Last, we estimated a loss of 10 % of the sample at each follow-up point. This resulted in our requiring at least 365 children per group in 12 clusters. Due to the small size of some clusters we added additional village clusters to the final sample prior to randomization.

Discussion

In LMIC, weak health care systems and scarce human resources necessitate that interventions to improve maternal and child health are integrated [21]. Traditionally, vertical programs – often with a narrow disease-focus – have dominated. Increasingly, there has been a focus on horizontally integrated and comprehensive programming for maternal and child health [45]. This is particularly true for early child development and nutrition programs where effectiveness is likely to be markedly increased with the implementation of comprehensive programs [21] and there is a substantial evidence base for this [2, 46]. What is lacking, however, is knowledge of how to combine interventions that target  early child development, nutrition, HIV-testing and retention in care with existing health services [21], particularly in rural populations.

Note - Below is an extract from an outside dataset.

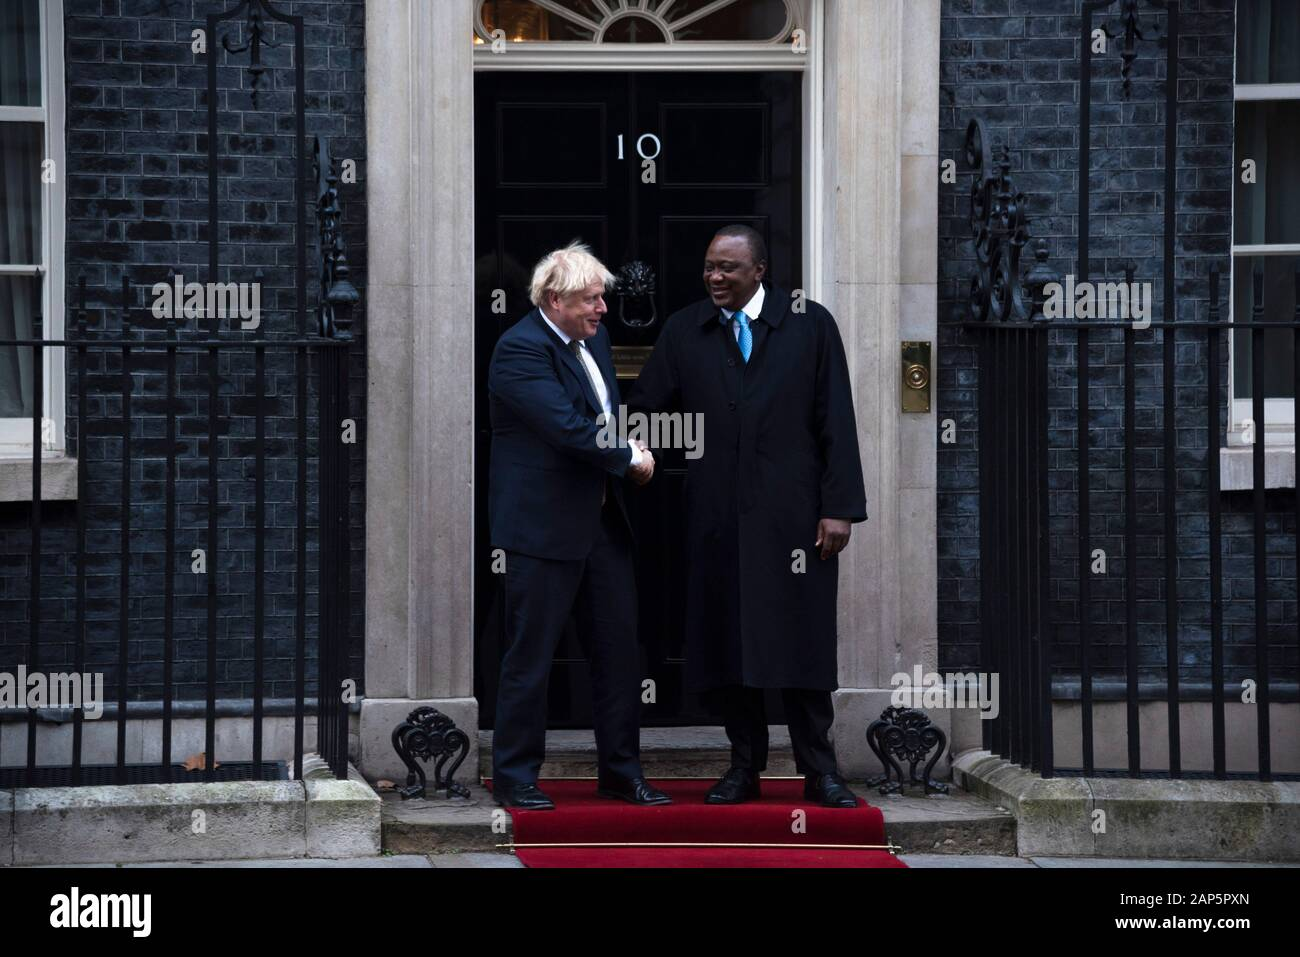 London, UK. 21st Jan, 2020. Prime Minister Boris Johnson greets President of Kenya Uhuru Kenyatta in Downing Street. Credit: claire doherty/Alamy Live News Stock Photo

The Sustainable Development Goals (SDG) build on the Millennium Development Goals by stressing sustainable development, not just survival and disease reduction [47], while the Global Strategy for Women’s, Children’s, and Adolescents’ Health proposes a threefold agenda: the Survive (end preventable deaths), Thrive (ensure health and wellbeing), and Transform (expand enabling environments) agenda [48]. The broader developmental focus of the SDG (“leave no one behind”) [49], combined with the thrive agenda of the Global Strategy will require a significant increase in research on integrated programming, beginning in the early years, that evaluates interventions taking place in remote rural areas where significant numbers of the world’s population still live. The goal of the Mphatlalatsane study is to evaluate the impact of an integrated community-based, community-run early childhood care and development intervention that seeks to contribute to national efforts to improve the health and psychosocial wellbeing of vulnerable children aged 5 years and younger in Lesotho. This study provides a unique opportunity to link early child development and nutrition outcome data with HIV-related information for young children in order to improve our knowledge about the nature and extent of the relationship between HIV and child development, and the potential of an integrated early childhood development intervention to prevent or mitigate developmental delays in HIV-infected and -affected children.

The area in which the study is being implemented is a deeply rural site that poses significant geographic barriers. Increasingly, mobile health units are being deployed in Africa in response to deficiencies in health care infrastructure, particularly in remote rural areas in Africa in order to address the service and access gap [50], to serve the needs of remote communities. To date, mobile health units have been widely employed in the realm of HIV care and testing [51] and tuberculosis (TB) testing and referral. However, in very remote areas (such as the Mokhotlong region of Lesotho) adverse weather conditions and impassable roads (during winter) the reach of mobile health units can be compromised. Our integration of mobile health units (health days) with home-based ECCD and nutrition services will, as well as improving the linkages with the primary health care facilities [52], provide essential data on how to deliver comprehensive services to under-served or unserved populations [53].

Trial status

At the time of manuscript submission participant recruitment was continuing and 75 % complete.